Originally from North Carolina, Jim Lauderdale began performing as a teenager, singing in bands as well as playing harmonica, drums, banjo and guitar.

He released his debut single, ‘Stay Out Of My Arms’, back in 1988, and has since put out a whopping 35 albums, as well as writing songs for artists including George Strait, The Chicks, Lee Ann Womack and Patty Loveless and hosting the Americana Music Awards. On top of that, he’s collaborated with the likes of Ralph Stanley, Robert Hunter, Nick Lowe and Roland White.

Ahead of his set at The Long Road last weekend, I sat down with Jim to talk about his festival experience, his latest album ‘Game Changer’, his longtime friendship and collaboration with Buddy Miller, how he approaches songwriting, what’s next for him and more.

Welcome to the festival!

Thank you.

How have you been finding it so far?

Very nice. What a beautiful place. And I’ve just seen the back roads of it, but it looks like a huge event.

You’ve been out on tour in Europe ahead of this show. How has that been going?

Great. We’ve been to Sweden and Norway, and we came in just for the festival. We flew in from Denmark, and then tomorrow morning at the crack of dawn we fly back to Denmark to play a festival called the Tonder Festival. But I’ve been wanting to play this for years, so I’m really, really excited to be here.

For people who may not have seen you live before, what is a typical Jim Lauderdale show like?
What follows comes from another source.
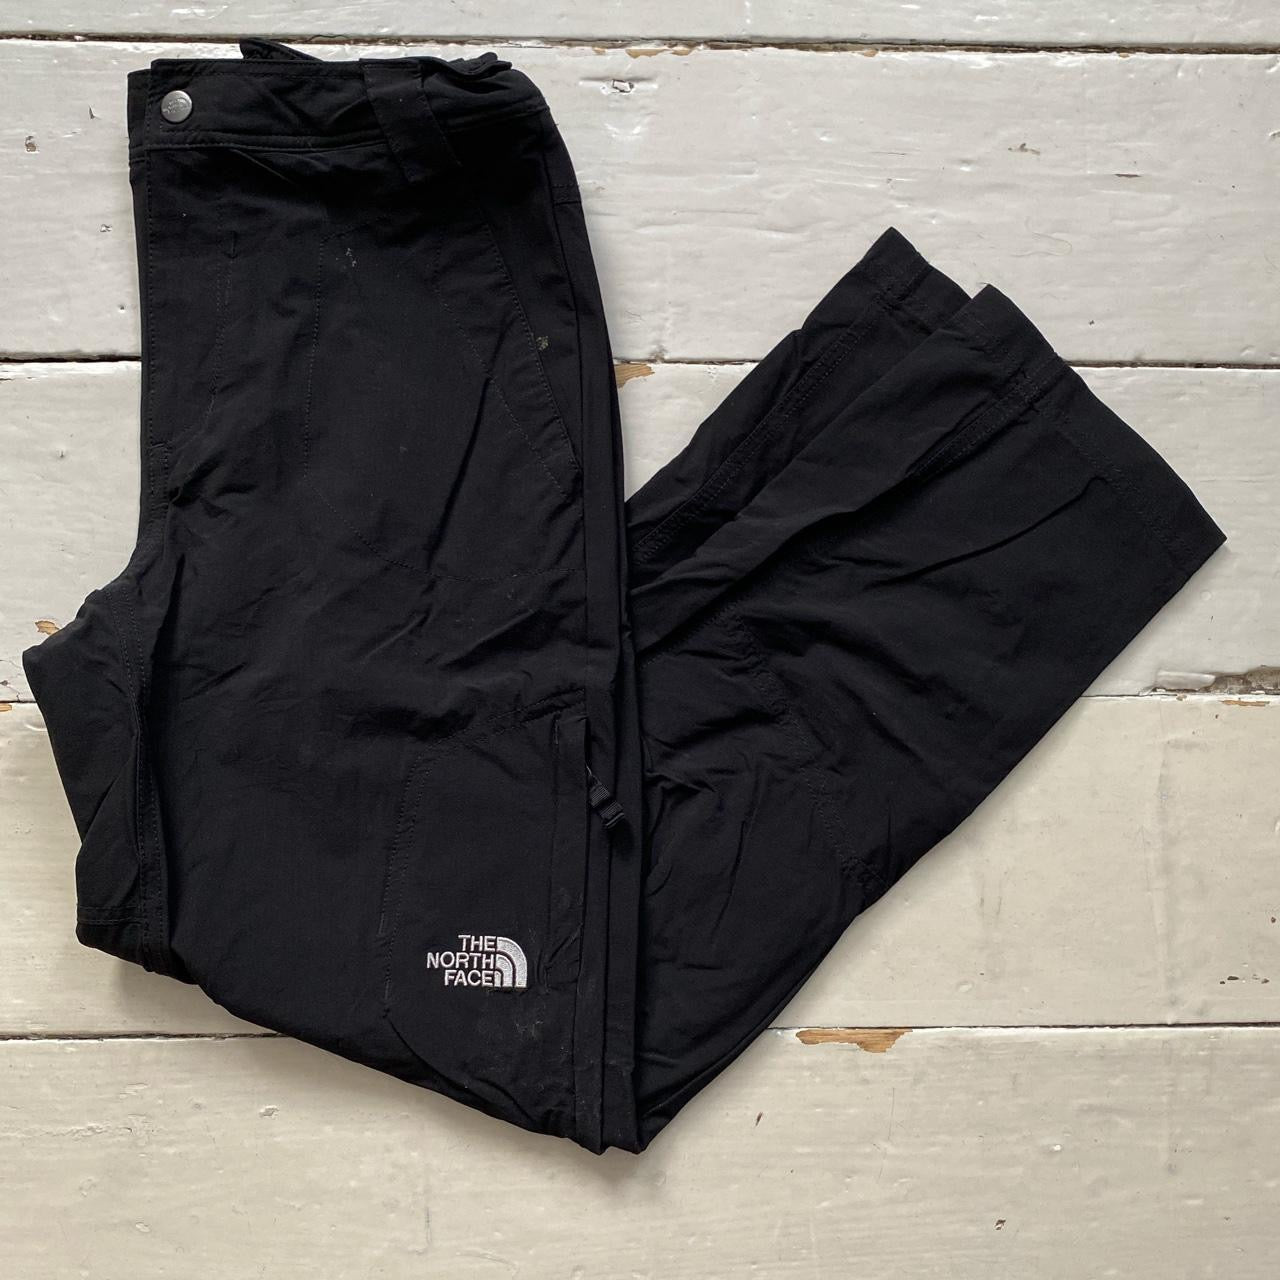 The North Face Black Shell Bottoms (Womens Small)
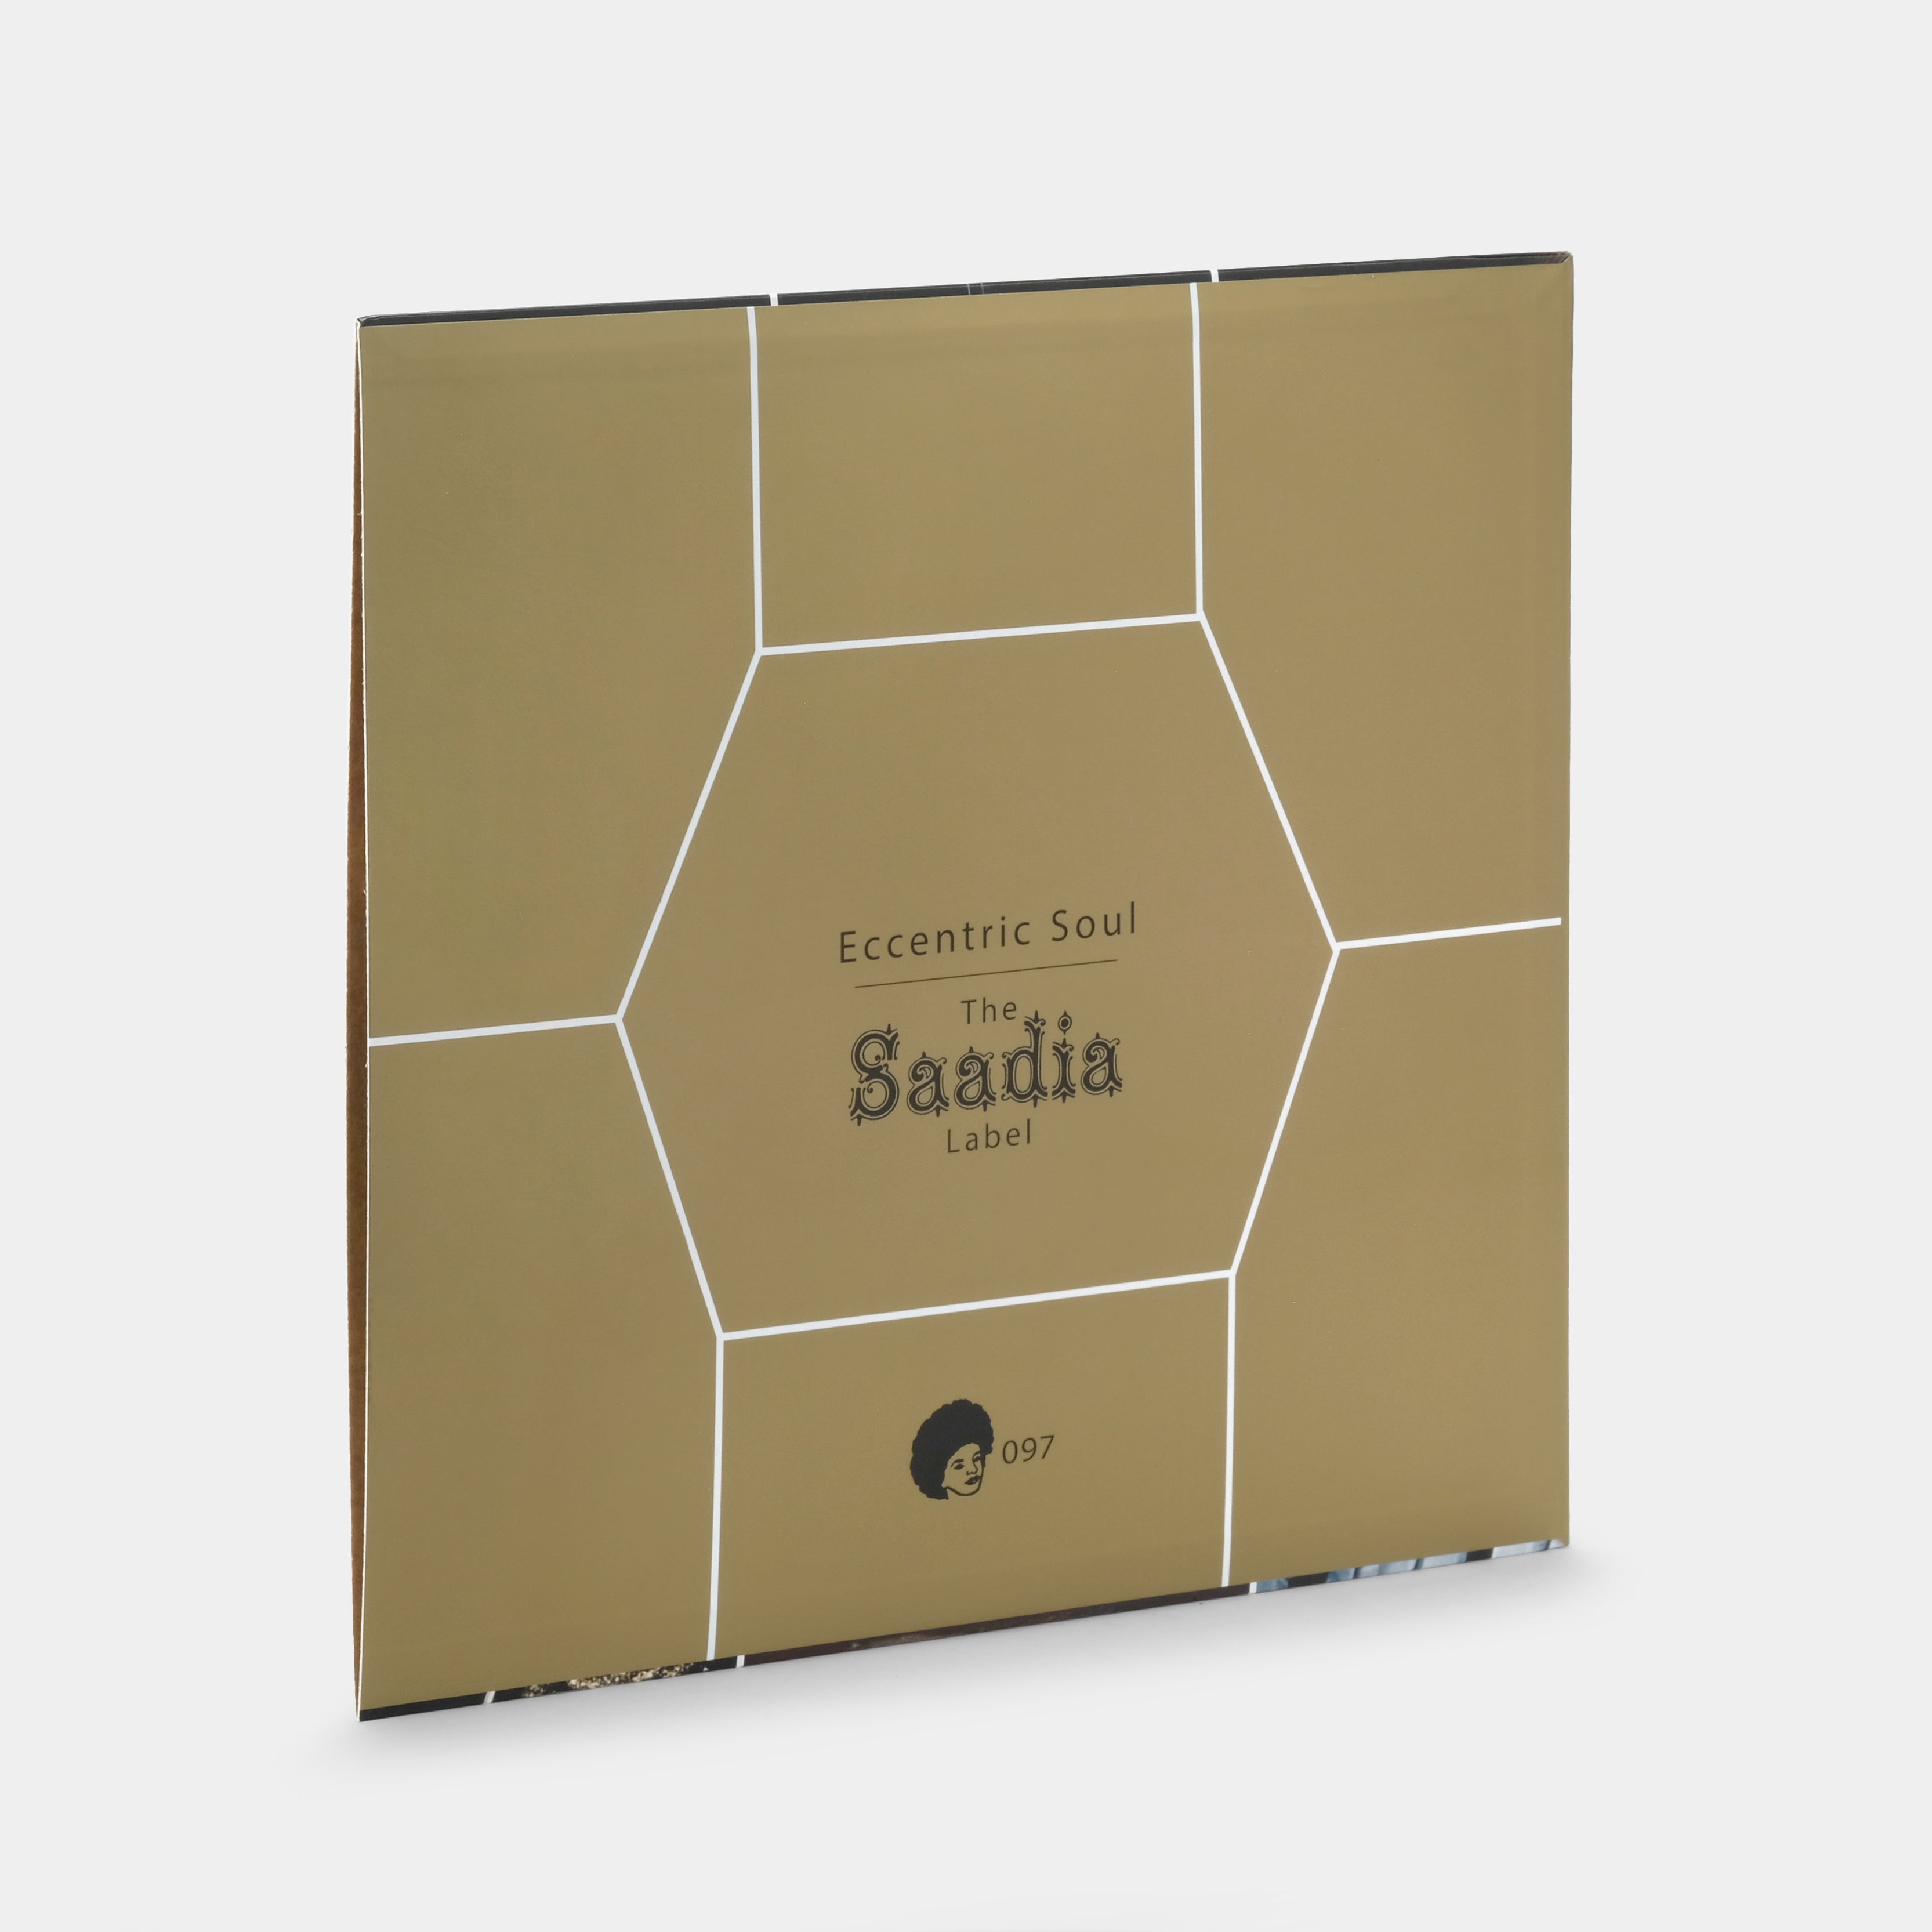 Eccentric Soul: The Saadia Label LP Super Funky Forest Green and Blue Splatter Vinyl Record

Well I’ll tell you this. When my agent, Paul Fenn, who’s from over here in England, contacted me and said, “OK, got some stuff set up at Long Road, they want you to at least bring two people”. So I said, “You know what, I’m gonna bring my whole band.” And so I’ve really splurged because I want to make a good impression here. And so I’ve got an incredible band. A lady that sings with me, her name is Lillie Mae Rische, and she has had a couple of albums out on Jack White’s label and she toured with him for a while as his fiddle player and sang with him. He had an all-female band and an all-male band and he’d vary it.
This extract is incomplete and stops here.